#### Extracted records:

━━━━━━━━━━

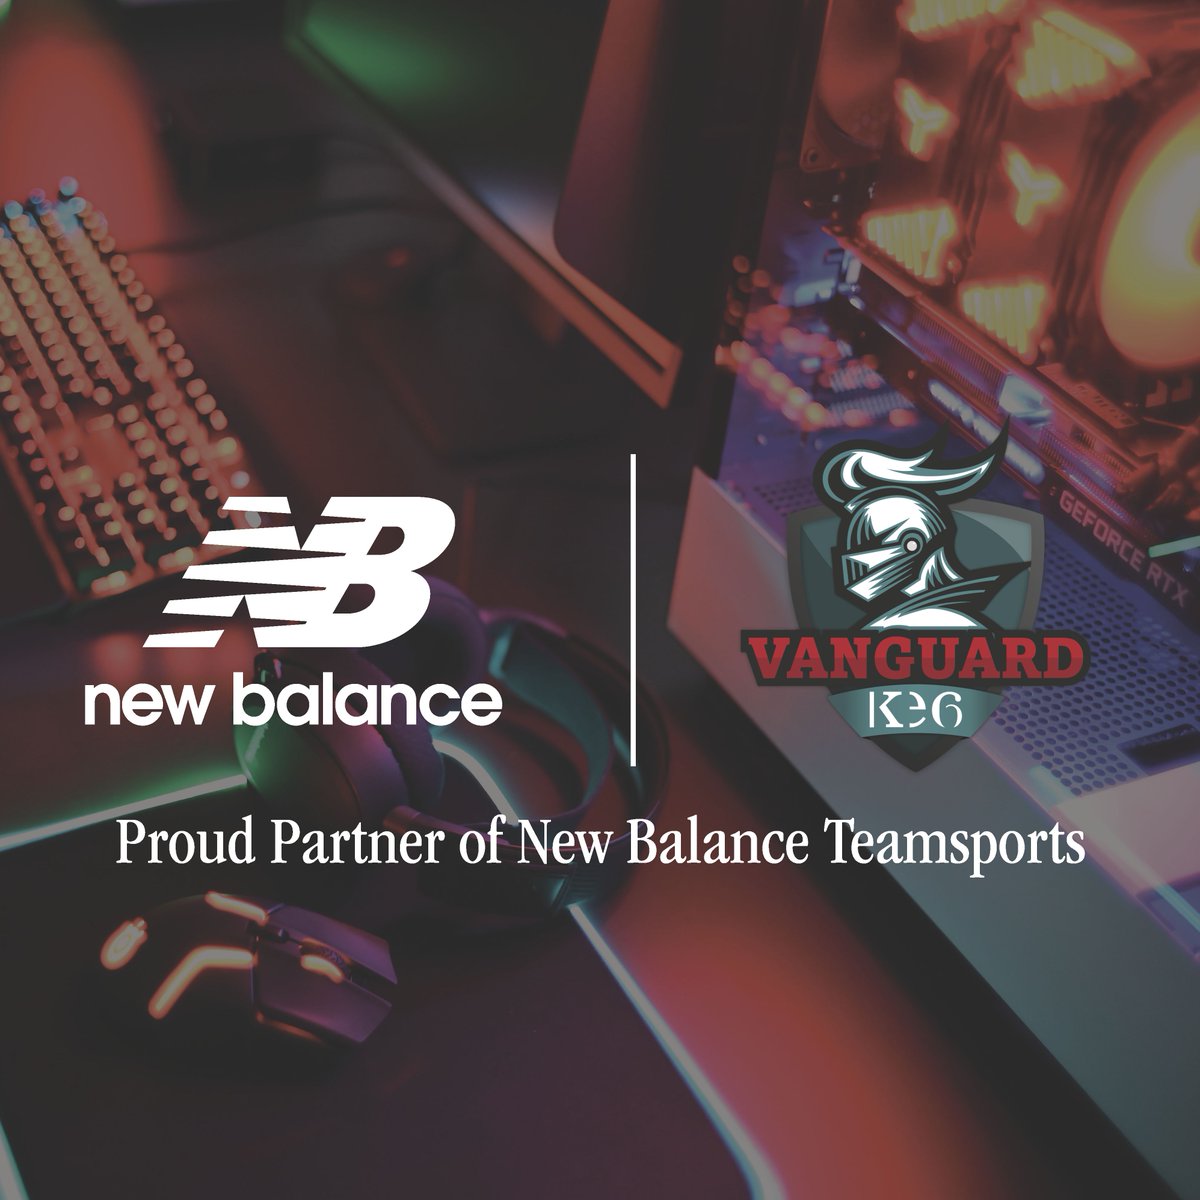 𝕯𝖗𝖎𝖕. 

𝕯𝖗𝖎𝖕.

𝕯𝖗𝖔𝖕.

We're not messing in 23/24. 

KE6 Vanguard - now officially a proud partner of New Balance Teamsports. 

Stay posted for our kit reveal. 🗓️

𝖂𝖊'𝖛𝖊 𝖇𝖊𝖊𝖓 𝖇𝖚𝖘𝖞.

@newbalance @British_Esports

━━━━━━━━━━

#### Your instructions:
Give back the material exactly as written, images excluded.

#### Result of the exercise:
 𝕯𝖗𝖎𝖕. 

𝕯𝖗𝖎𝖕.

𝕯𝖗𝖔𝖕.

We're not messing in 23/24. 

KE6 Vanguard - now officially a proud partner of New Balance Teamsports. 

Stay posted for our kit reveal. 🗓️

𝖂𝖊'𝖛𝖊 𝖇𝖊𝖊𝖓 𝖇𝖚𝖘𝖞.

@newbalance @British_Esports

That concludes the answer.